评分: 7置信度: 52024-06-30

The authors address a key issue in personalized federated learning, which enables clients with heterogeneous model structures to participate in federated learning with consideration of effectiveness and efficiency. This method is based on model assembly and reassembly, in which the blocks and layers can be treated as modules. After that, the server selects the personalized models and assigns them to the clients. The received models will be used as the teacher to guide the local update. The authors run extensive experiments to demonstrate the effectiveness of their algorithm.

优点

This paper is well-organized and clearly motivated. Its logical structure and presentation aid comprehension, while the clear and accessible framework and figures enhance readability. Experiments, discussions, or analyses robustly support each claim.
The focus on controllability renders the algorithm more applicable in real-world scenarios, allowing for greater human involvement in the model generation process. The authors effectively demonstrate the utility of their design through experimental results.
The authors have performed extensive experiments, including principal studies on image datasets, ablation studies, hyperparameter evaluations, and thorough discussions. These efforts confirm the validity of the techniques and provide deep insights into the paper's contributions.

缺点

Based on the algorithm itself, it includes the reassembly, assembly, matching, and other operations. The reviewer may be concerned about the computational burden compared with the one without any controllability.
How to select the anchor block and why needs to be stated clearly.
According to the experiment results, the reviewer is wondering about how this approach can be used with the public data with/without labels and the possible reason why it is robust to the public data with or without labels.

问题

Please see the above weaknesses.

局限性

No negative social impact to the reviewer’s best knowledge. The study of K should be put in the main content as that is an important part of the algorithm.

作者回复

2024-08-05

>>> W1

Thank you for the reviewer's valuable feedback. We addressed the computational cost comparison in Section 4.5, using computation time as a metric against pFedHR. The results, presented in Figure 4, show that pFedClub generally requires less time than pFedHR and offers more consistent performance. Additionally, we detailed the system running time comparisons with the baseline in Appendix E. Our findings demonstrate that to achieve the target accuracy, our proposed approach is more time-efficient than pFedHR, further underscoring its efficiency.

>>> W2

Thank you for the question.
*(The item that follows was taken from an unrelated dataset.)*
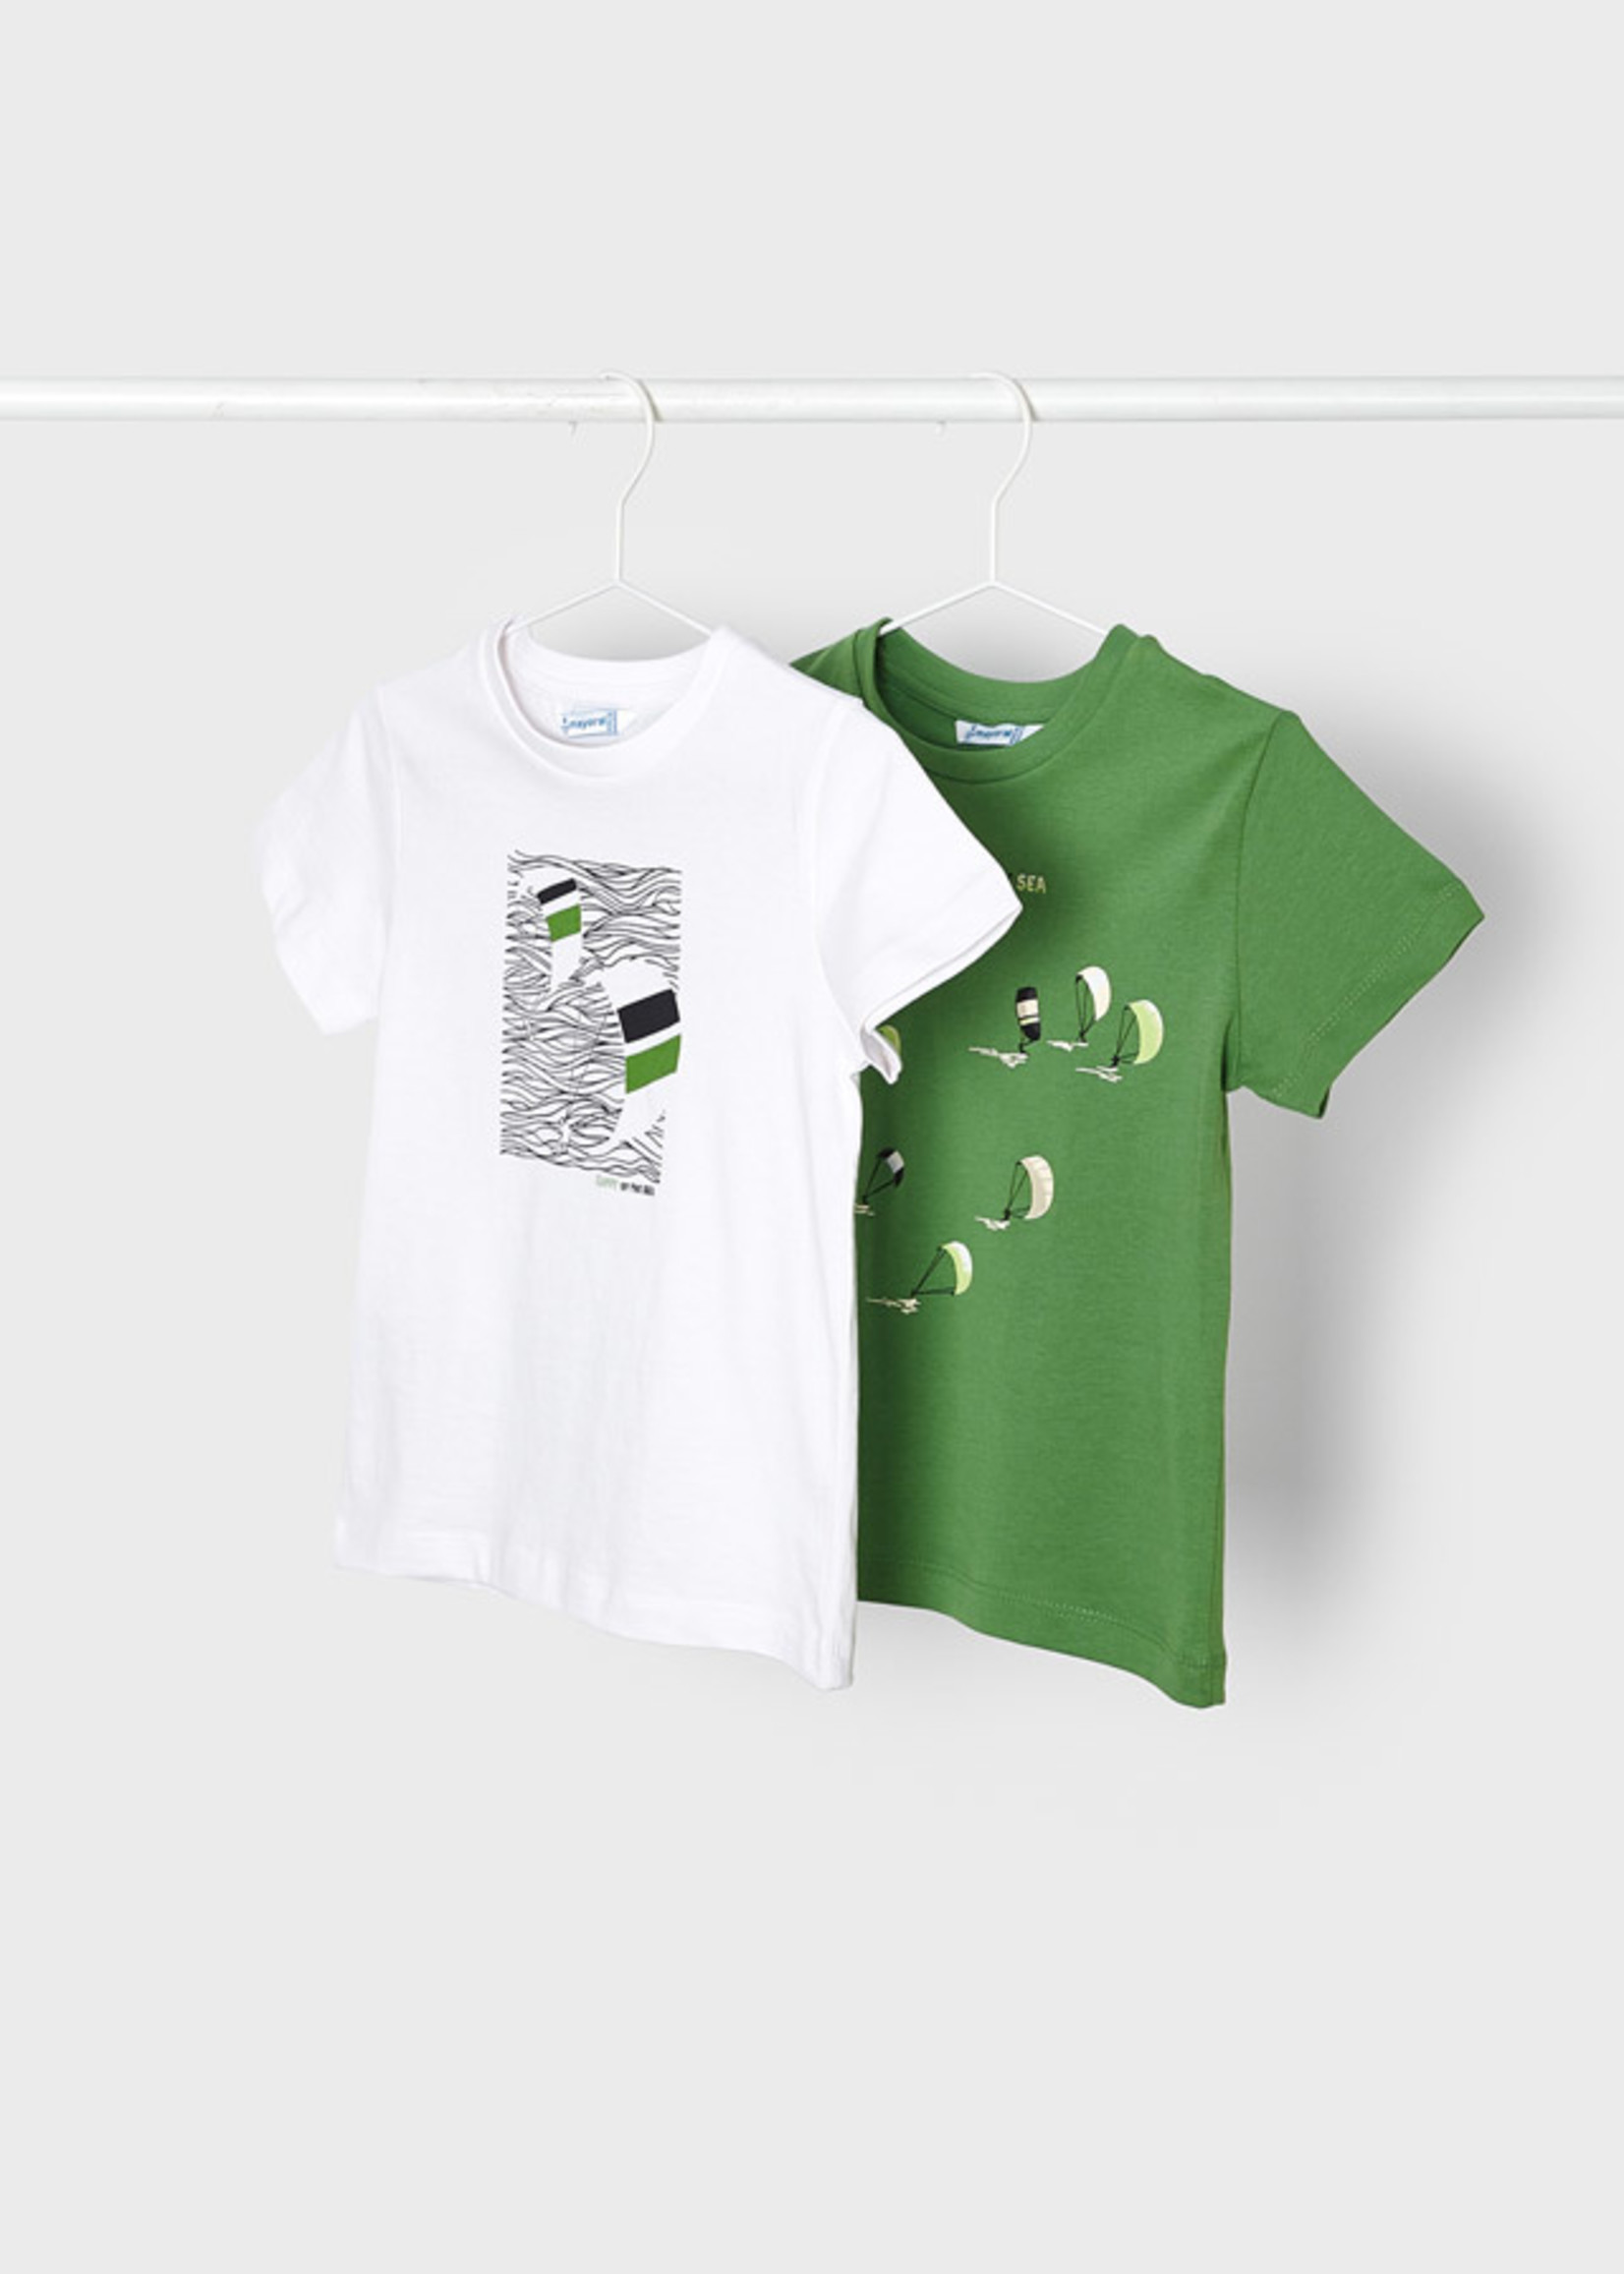 Mayoral 1135 Mini Boy             2 s/s solid t-shirt sets      Green

The anchor block selection process is detailed from line 162 to line 169. For each block, we implement a random substitution, with the first substituted block designated as the anchor. This randomness enhances the diversity of candidate model generation. For a clearer explanation of this process, we have included a detailed algorithm in Appendix A, from lines 3 to 7.

>>> W3

Thank you for the reviewer's question. On the server side, public data is used solely to assist in (1) calculating the representations of the blocks for function identification and clustering, and (2) conducting stitching layer tuning. These operations utilize the data as foundational information without exploiting any specific attributes of the data itself. Consequently, our proposed approach is compatible with both labeled and unlabeled public data.

2024-08-13

Thanks for your reply. I will keep my score positive as it is. Thank you.

审稿意见

评分: 7置信度: 52024-07-05

This paper presents a controllable model reassembly approach to enable heterogeneous model cooperation in federated learning. The designed CMSR algorithm provides the control of the space to save the computational cost. Furthermore, the approach also achieves model personalization for each local client. They test the proposed approach on benchmark datasets and compare with other baselines under different settings.

优点

1, This paper targets one of the challenges in federated learning, which is the model heterogeneity. To the best knowledge, most existing related works are based on knowledge distillation. This work presents a controllable approach to conduct block assembly and reassembly from local models to achieve heterogeneous model cooperation and model personalization. The idea itself is interesting and practical. 2, They take efficiency, generalization, and personalization into consideration. They provide comprehensive analysis and provide detailed discussion under various settings, which support their statement soundly. 3, Their presentation and logic are both easy to follow and understand. The framework, experiment results, and discussion are clearly presented.

缺点

Weakness 1, In their approach, the authors employ K-means clustering. The reviewer is curious about how the value of K is selected and how this selection influences the results.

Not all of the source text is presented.